TASK DETAILS – The data is to be repeated exactly, with the images removed.

TASK INPUTS –
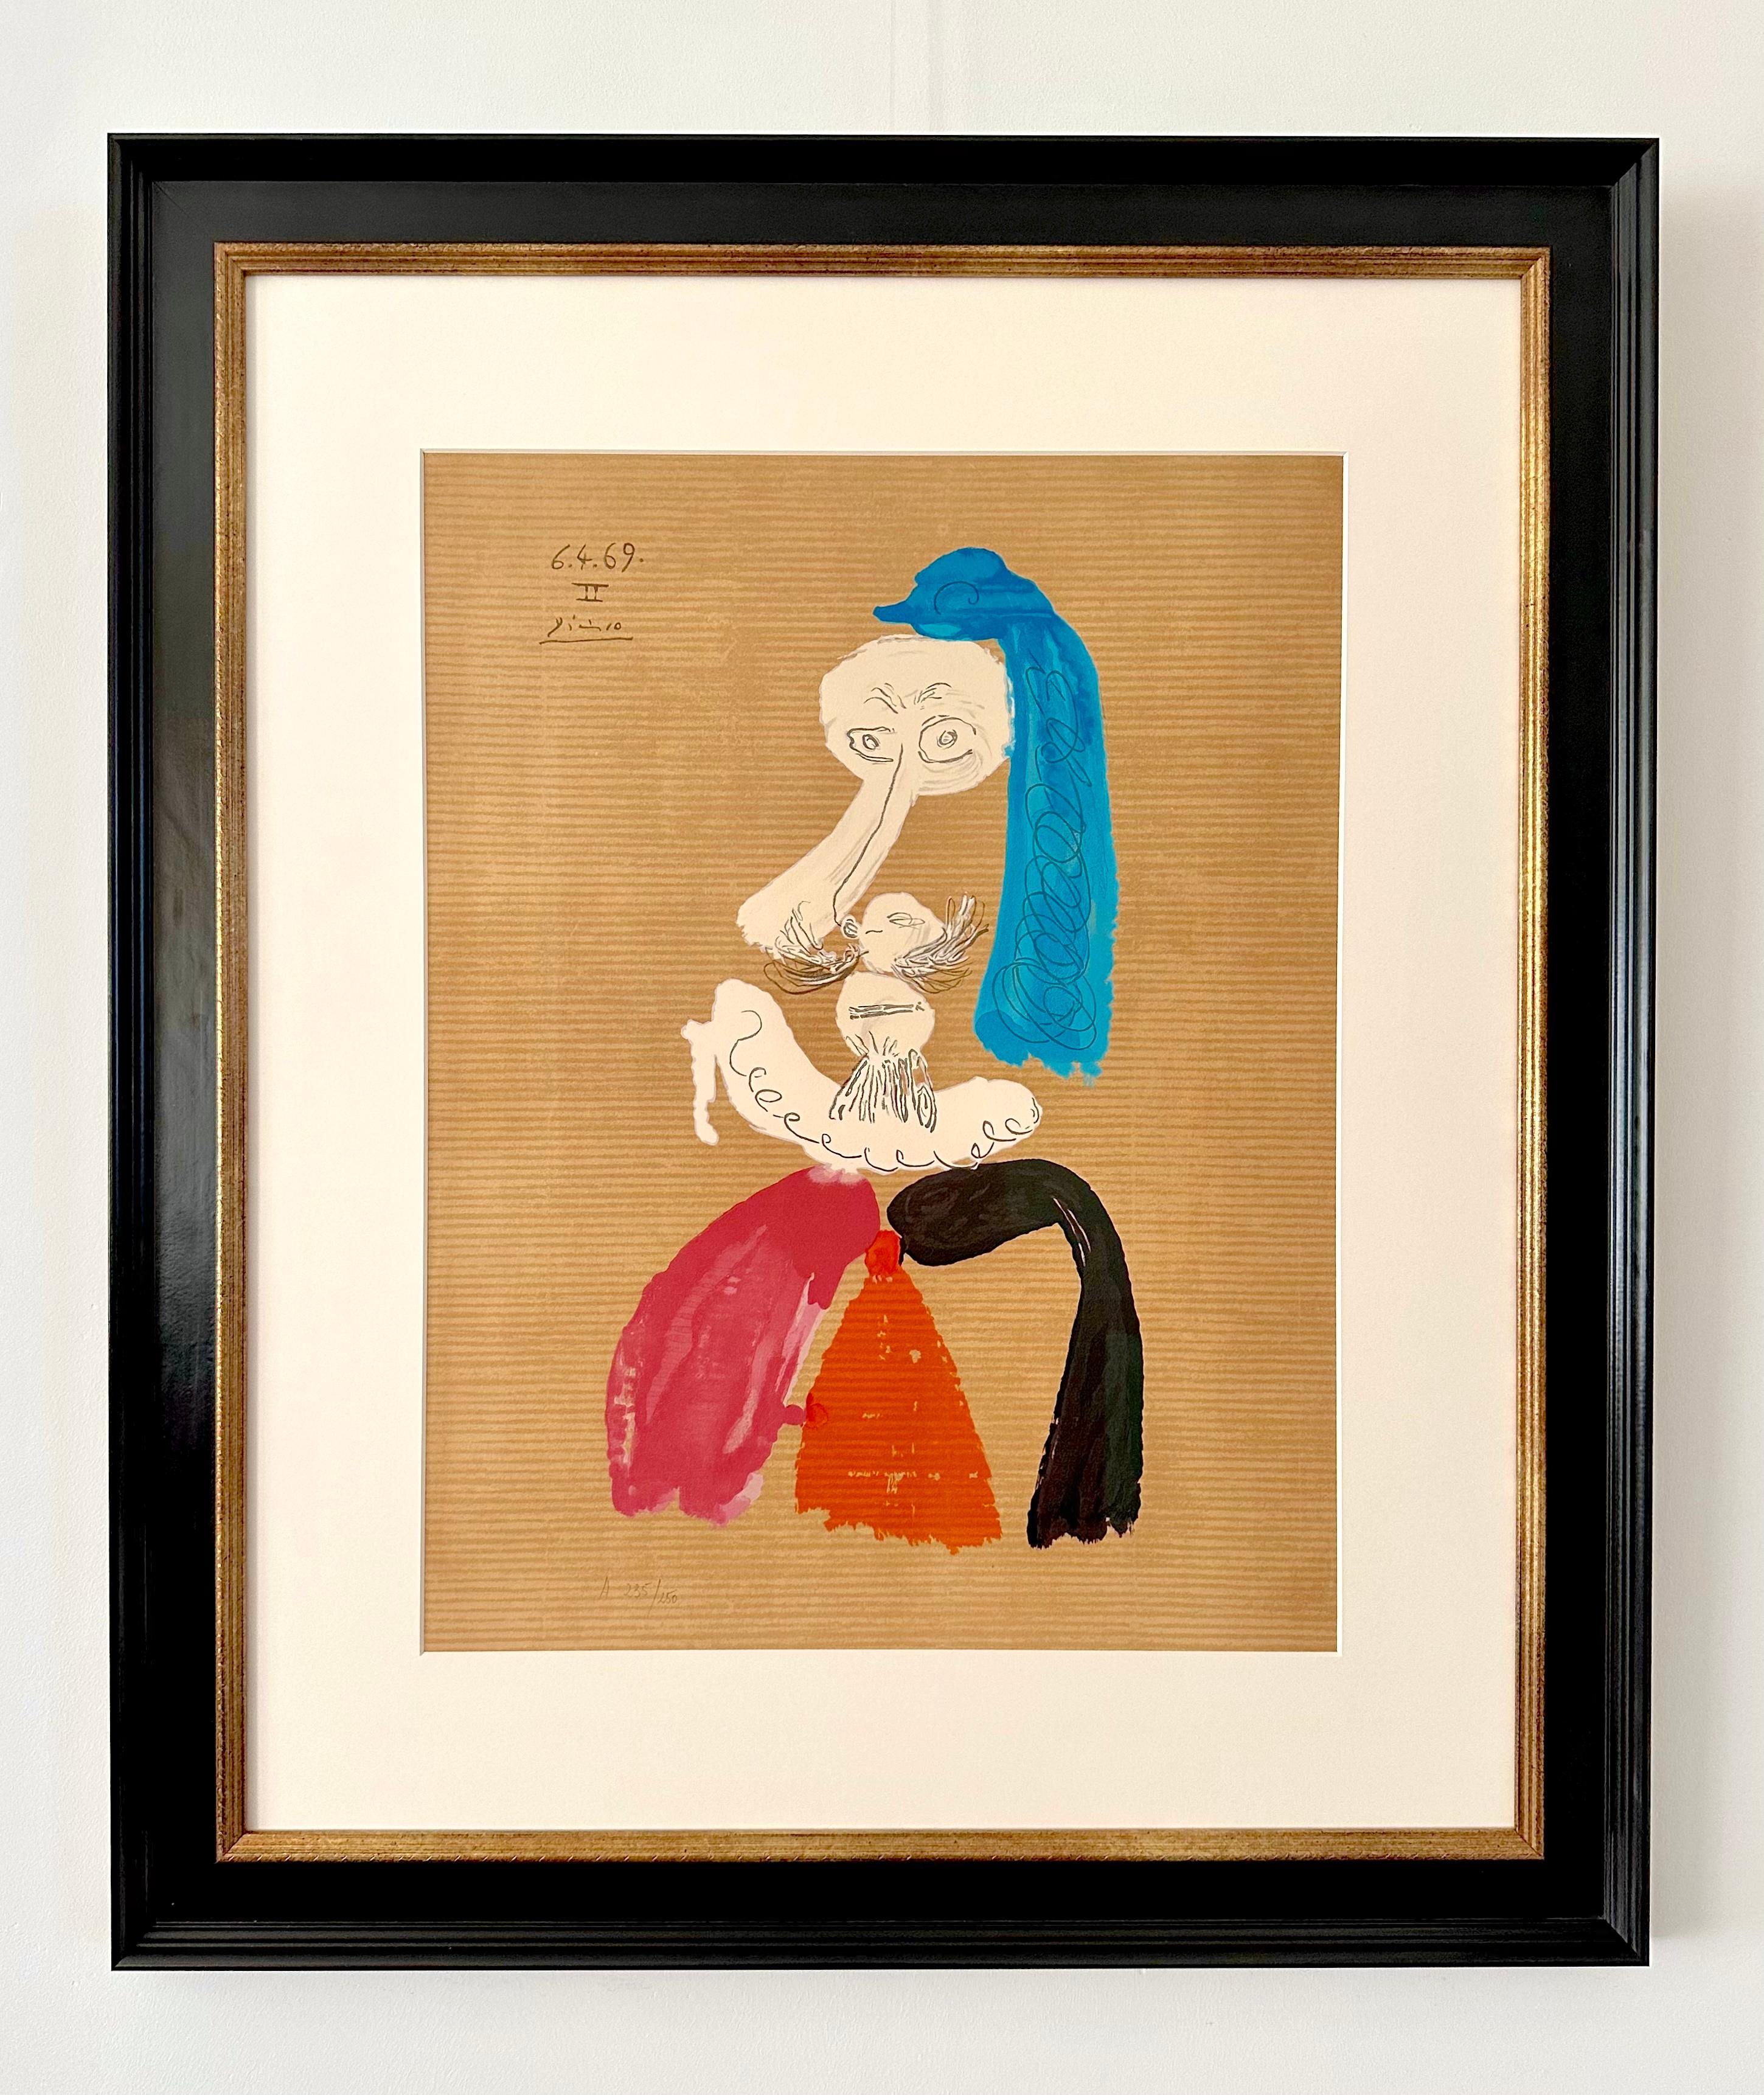 Pablo Picasso – Portraits Imaginaires 6.4.69 II
Color lithograph from the serie ‘Portraits Imaginaires’
Published by Georges Salinas, 1970
Edition: 250 for France (F) and 250 for America (A)
Signed in the stone, numbered (A 235 /250) in
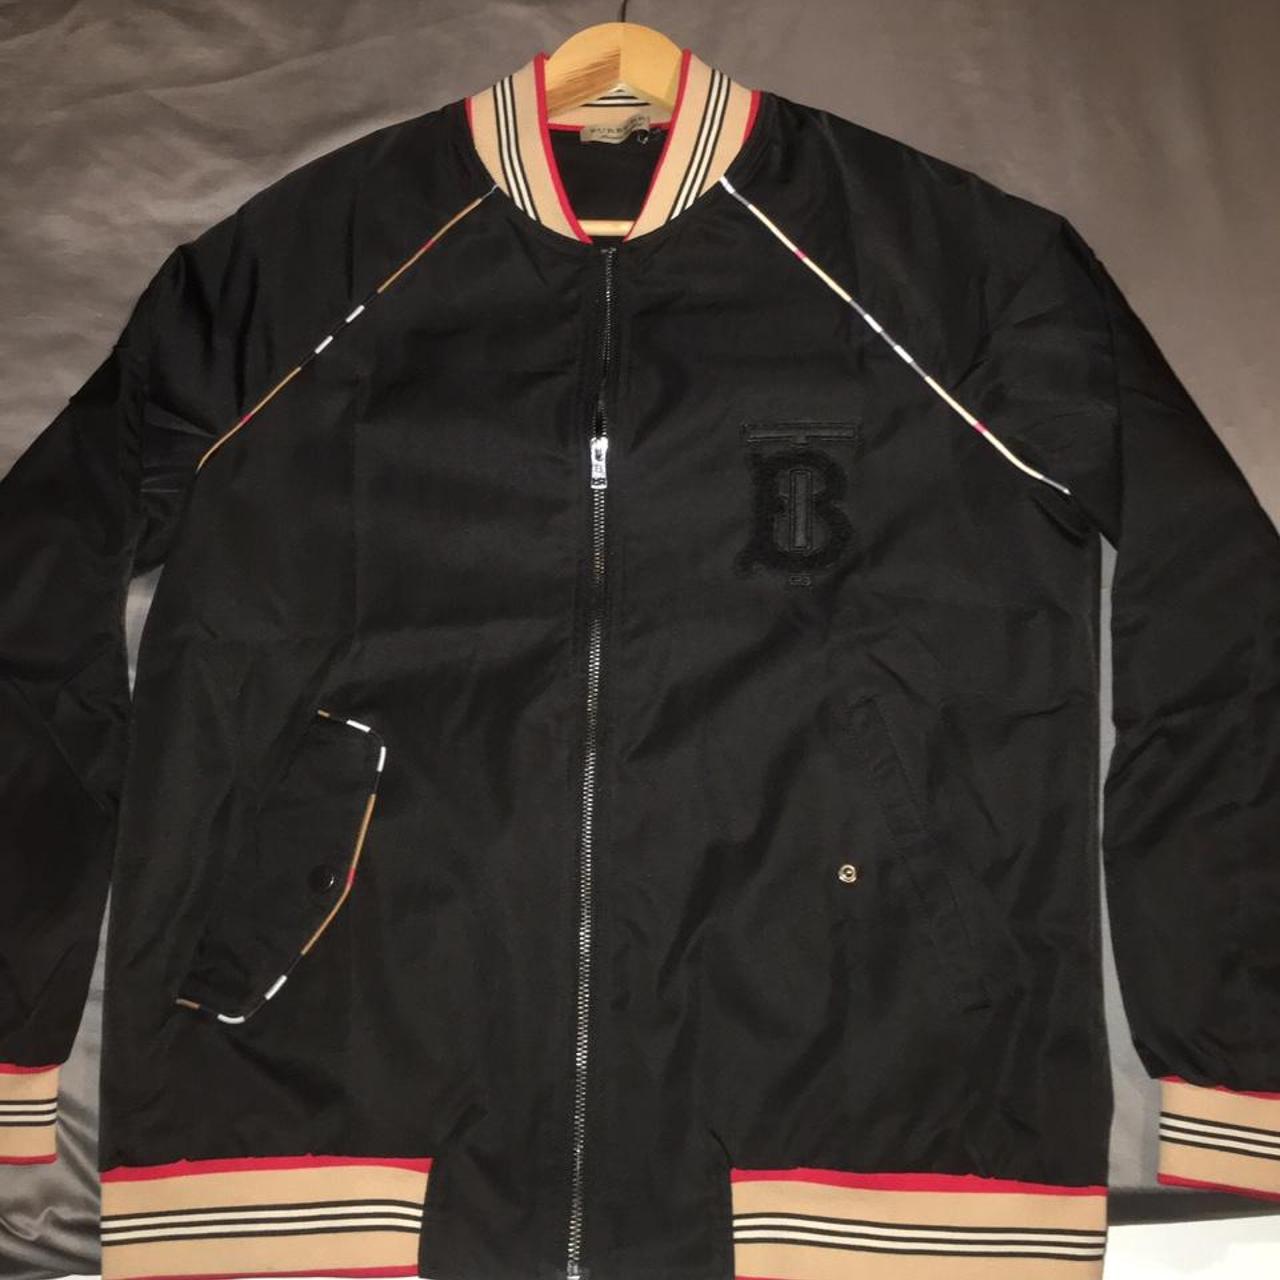 Thomas Burberry vintage bomber jacket, in extremely... Depop
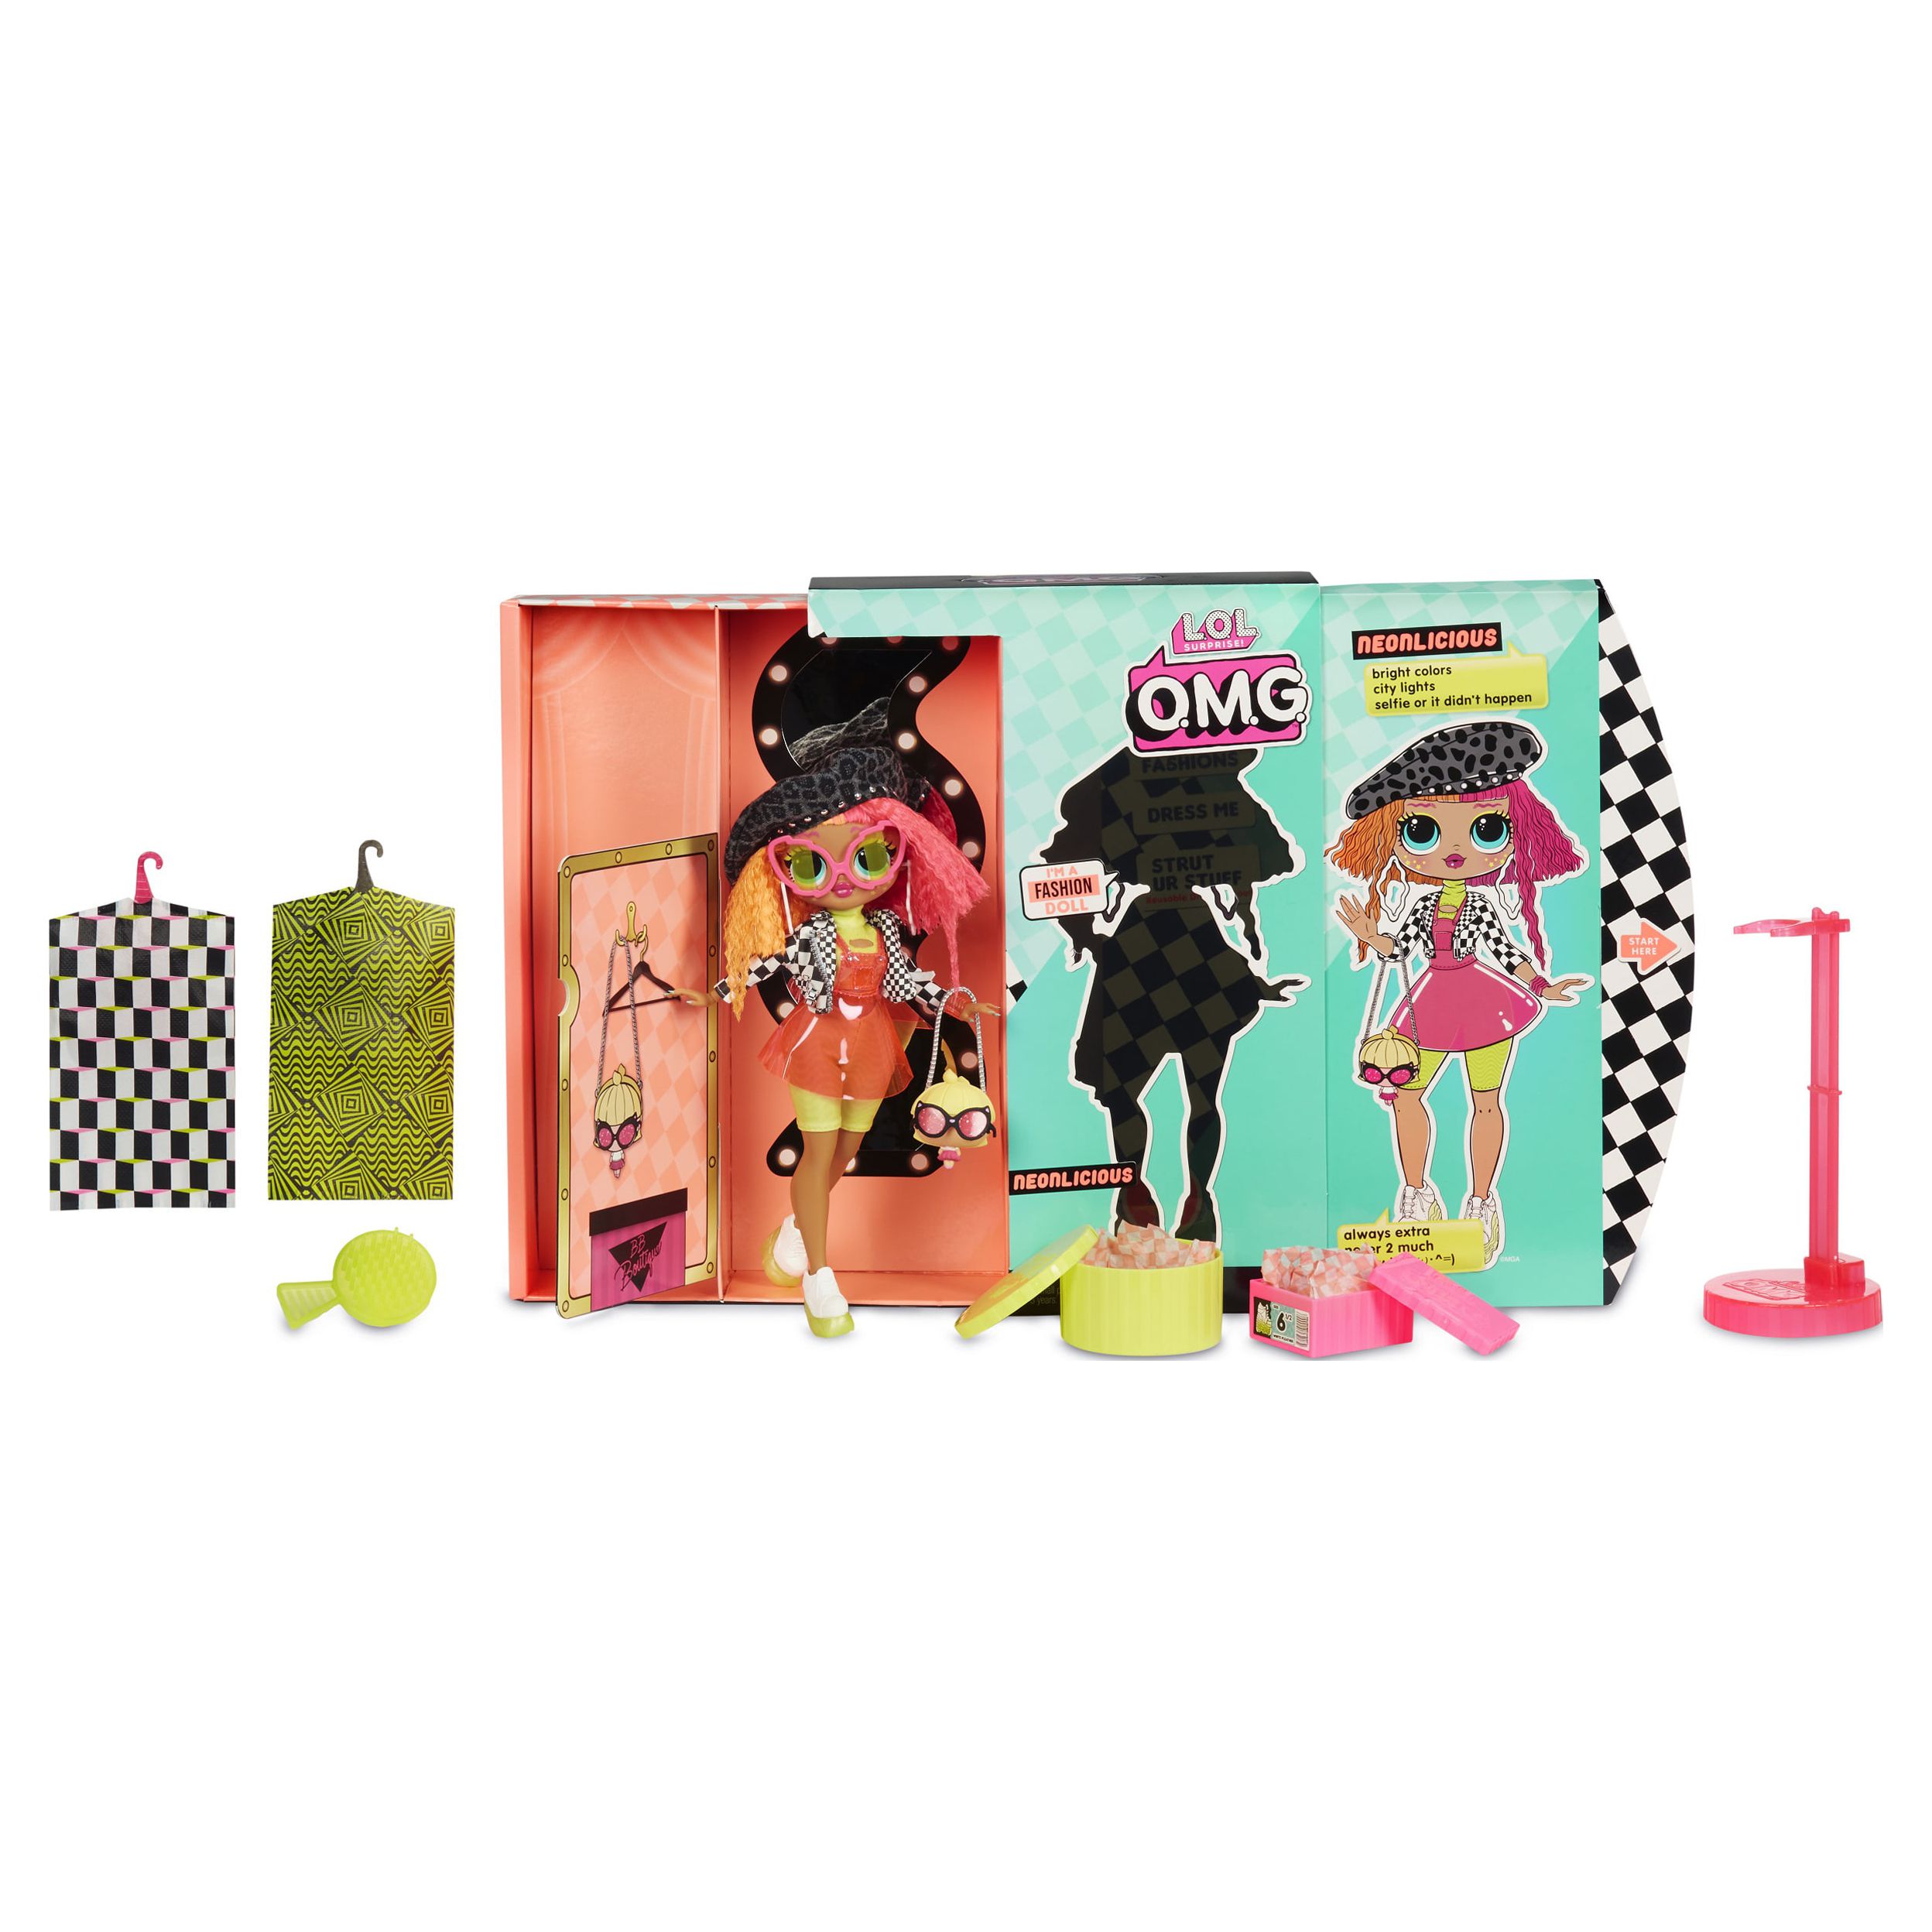 LOL Surprise OMG Neonlicious Fashion Doll With 20 Surprises, Great Gift for Kids Ages 4 5 6+ - image 5 of 7

FINISHED EXERCISE –
 Pablo Picasso – Portraits Imaginaires 6.4.69 II
Color lithograph from the serie ‘Portraits Imaginaires’
Published by Georges Salinas, 1970
Edition: 250 for France (F) and 250 for America (A)
Signed in the stone, numbered (A 235 /250) in
 Thomas Burberry vintage bomber jacket, in extremely... Depop
 LOL Surprise OMG Neonlicious Fashion Doll With 20 Surprises, Great Gift for Kids Ages 4 5 6+ - image 5 of 7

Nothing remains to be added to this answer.